Our purpose and strategy
Our purpose is Helping Britain Prosper.
Text-to-SQL (Structured Query Language) is a technology that enables users to query relational databases using natural language instead of traditional SQL syntax. It leverages Natural Language Processing (NLP) and Large Language Models (LLMs) to translate human-readable questions into structured SQL queries.
This approach is particularly valuable in large organisations, where empowering non-technical users to access data directly can reduce bottlenecks, improve agility, and support data-driven decision making.
Over the past year, Lloyds Banking Group has made significant strides towards this vision. This article highlights the key technical achievements and milestones shaping the future of data interaction at the Group.
The concept isn’t new; systems like LUNAR1 and CHAT-802 explored natural language interfaces in the 70s and 80s, validating the need for intuitive data access. However, rule-based methods and compute constraints limited its scalability. Today, advances in LLMs, schema-aware encoding, and prompt engineering bring us closer than ever to accurately generating SQL across diverse domains.

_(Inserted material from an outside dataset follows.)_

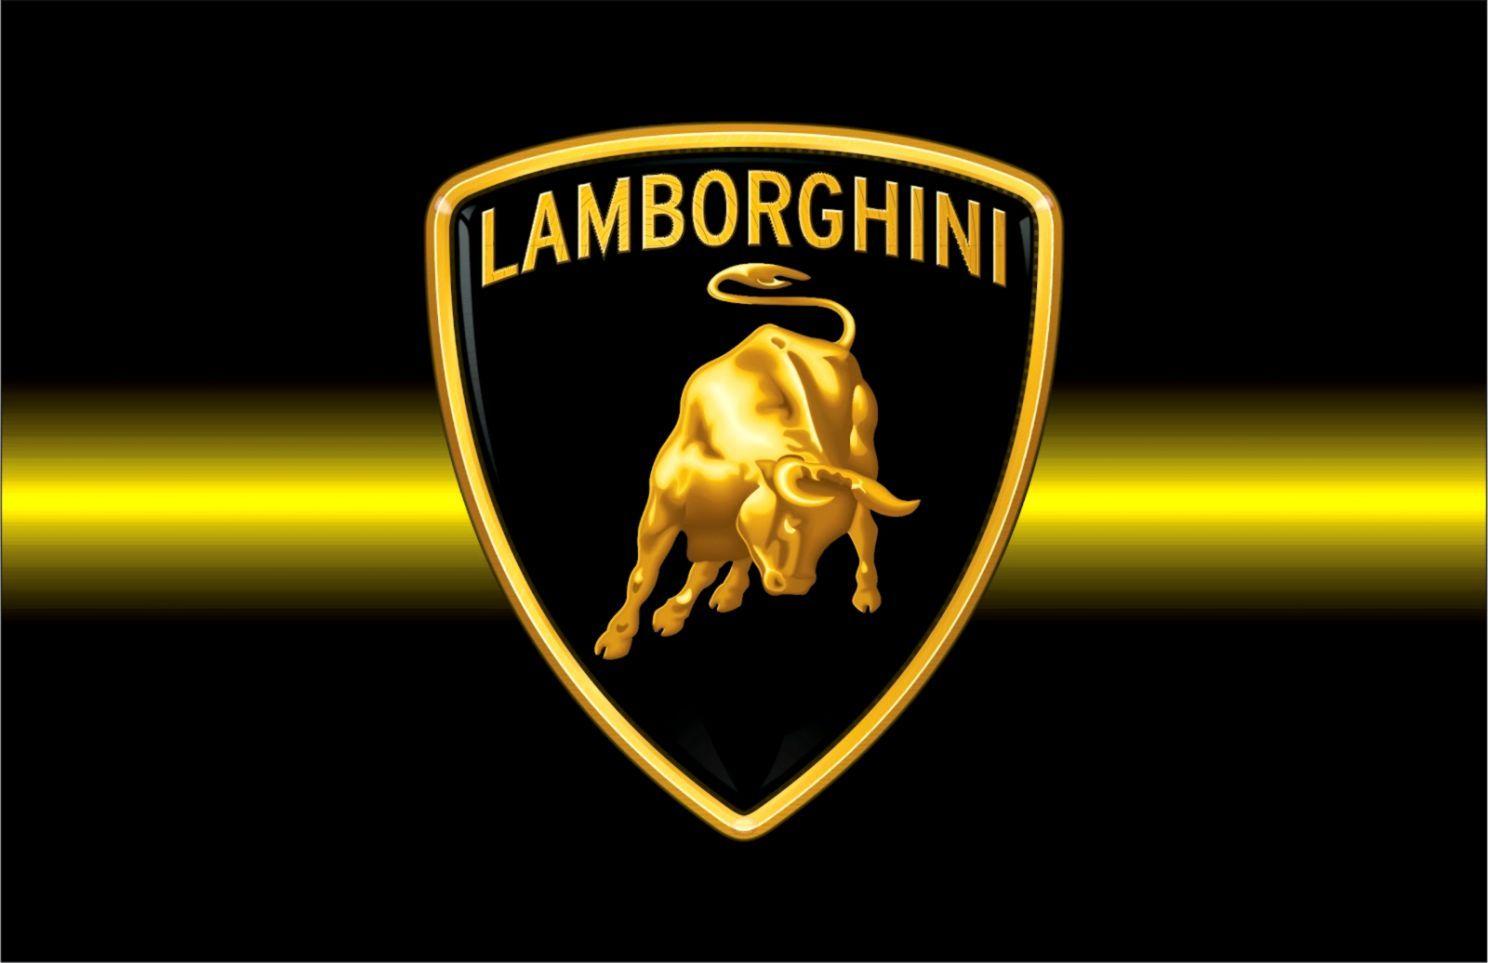 Lamborghini Logo 4k Wallpapers - Top Free Lamborghini Logo 4k

Almost two years ago we had a vision of improving our engineering efficiency and speeding up delivery cycles. We also wanted to democratise access to data and insights, through an intuitive tool that eliminates technical barriers and unlocks greater value from our data assets.

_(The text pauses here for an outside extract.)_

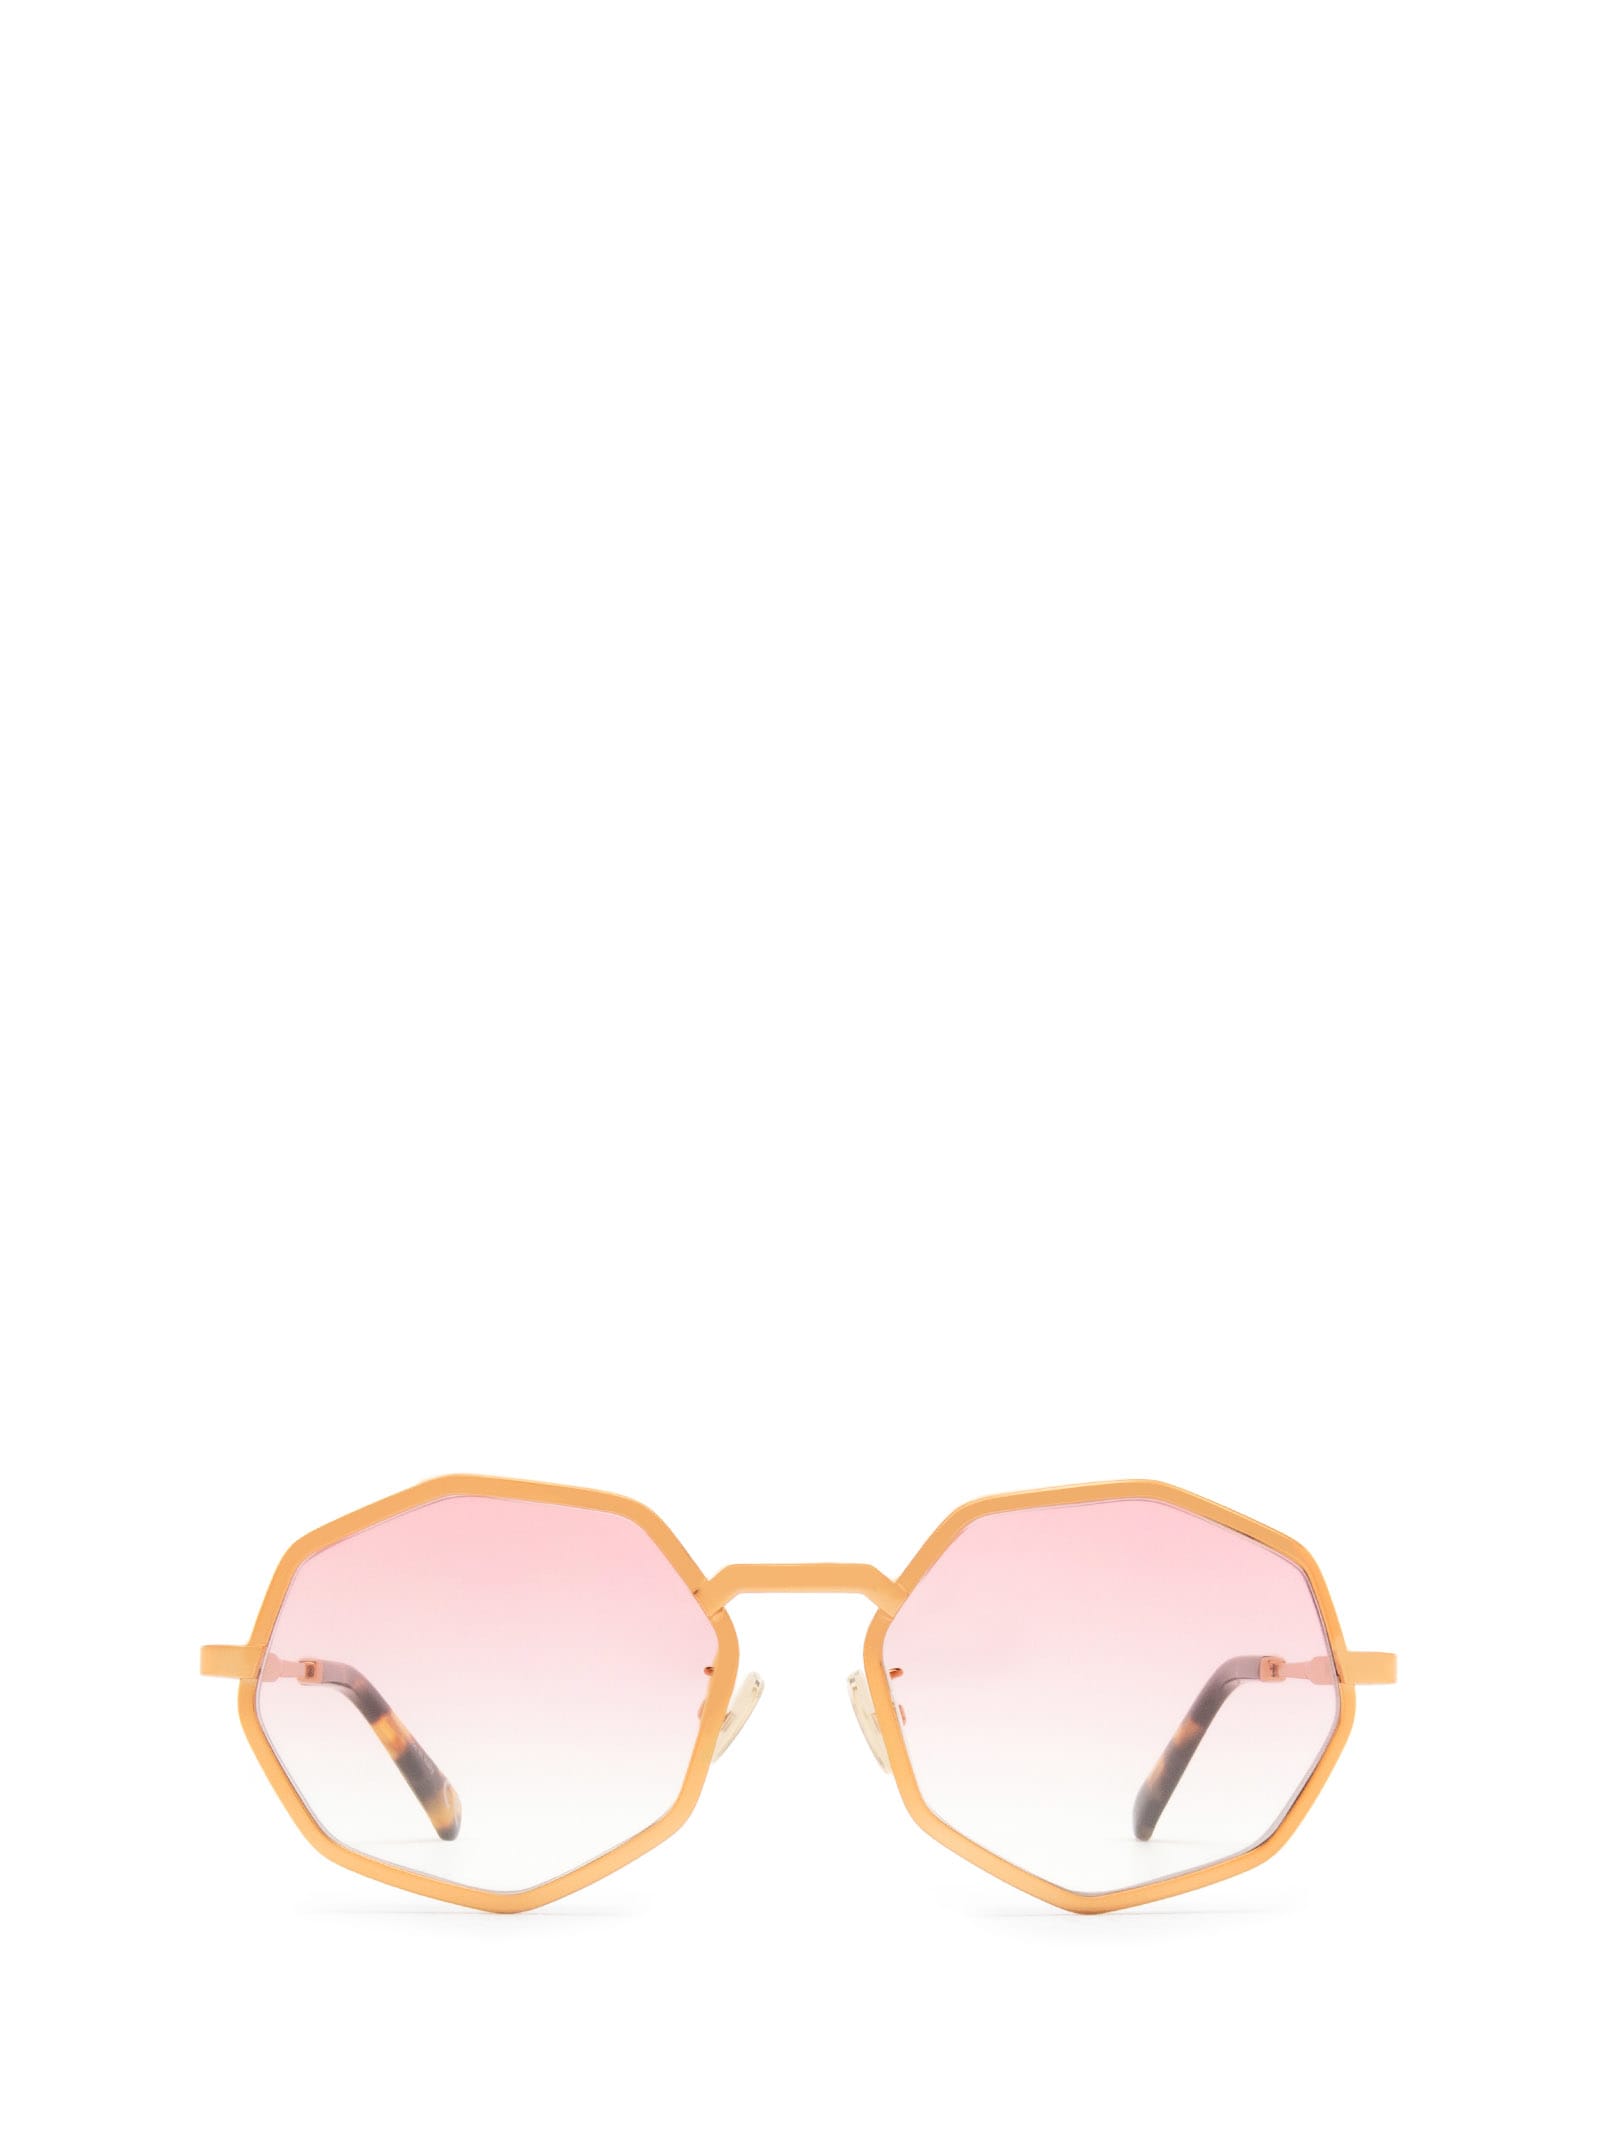 Marni Eyewear Pulpit Rock Pink Sunglasses

We’re using the power of tech and data to offer our customers hyper-personalised services and seamless experiences on their device and channel of choice.

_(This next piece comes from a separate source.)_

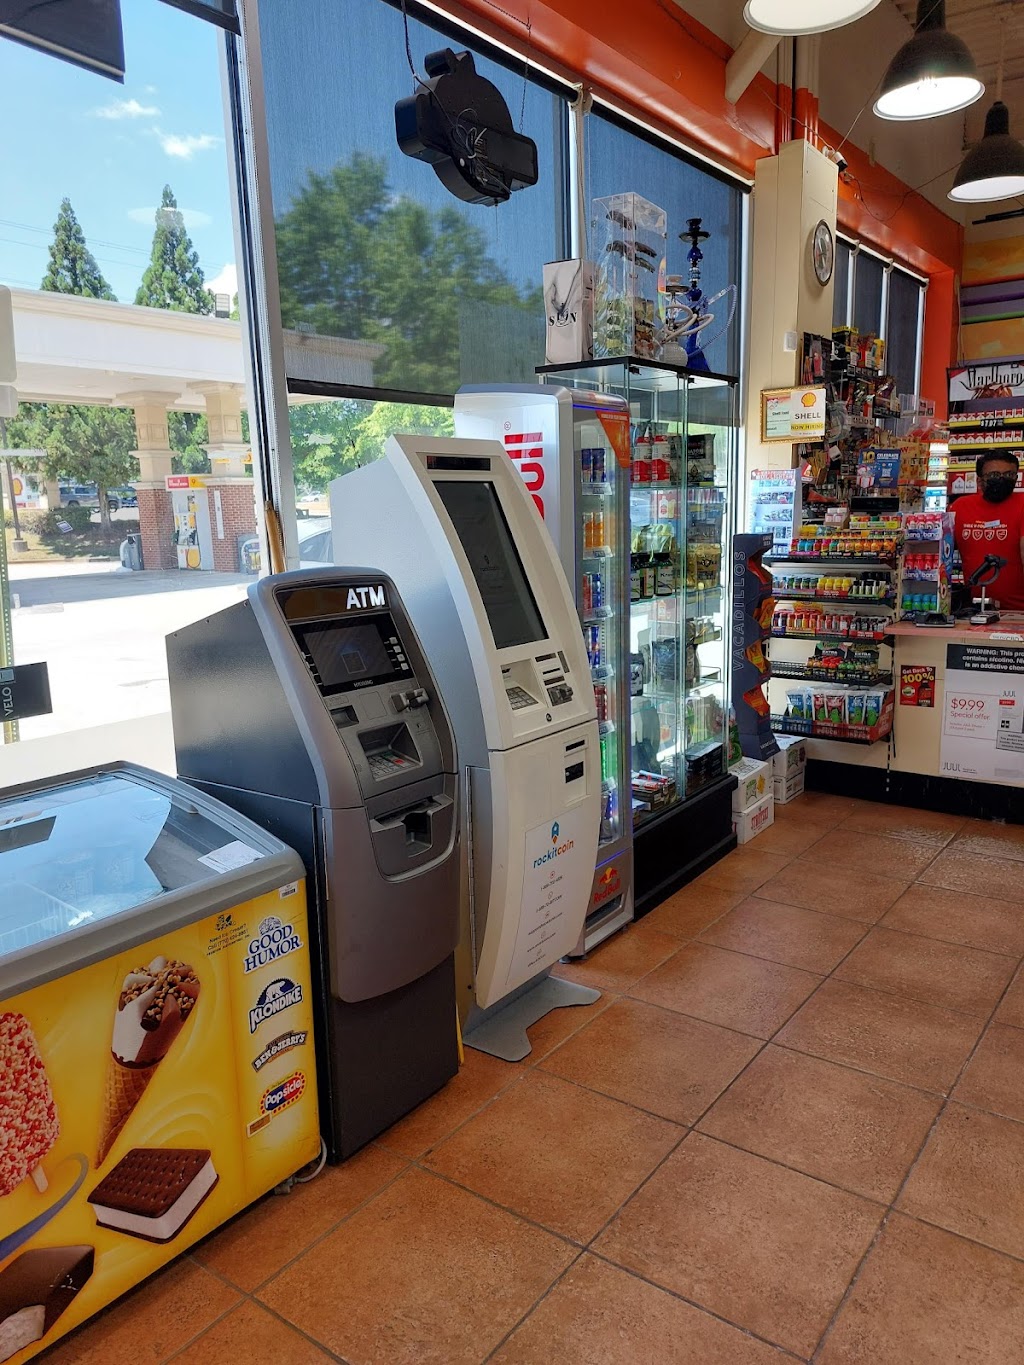 RockItCoin Bitcoin ATM | 1739 Buford Hwy, Cumming, GA 30041, USA | Phone: (888) 702-4826

Dialogue with Data (DwD) is Lloyds Banking Group’s experiment to explore text-to-SQL using GenAI technology, introducing Agentic concepts. It was developed and tested in our “Innovation Sandbox” using Google Cloud Platform (GCP) environment isolated from production. This provided safe conditions, access to the latest models and scalable compute for rapid, iterative learnings.
Through our experimentation framework, we selected a low risk, yet high‑value Business Intelligence (BI) use case, using a synthetically generated Human Resource (HR) dataset that mirrors holiday and training records. This enabled us to validate end‑to‑end Text‑to‑SQL workflows (governance, guardrails, and UX) without exposing sensitive data.
The experiment was divided into three phases:
Phase one benchmarked LLMs on their ability to generate accurate SQL from natural language prompts. The experiment surfaced limitations in off-the-shelf evaluation tools like Spider and Bird, prompting the creation of a bespoke Group-specific automated evaluation pipeline. The resulting framework supports nuanced assessment, including human-in-the-loop review, and laid the foundations for future phases.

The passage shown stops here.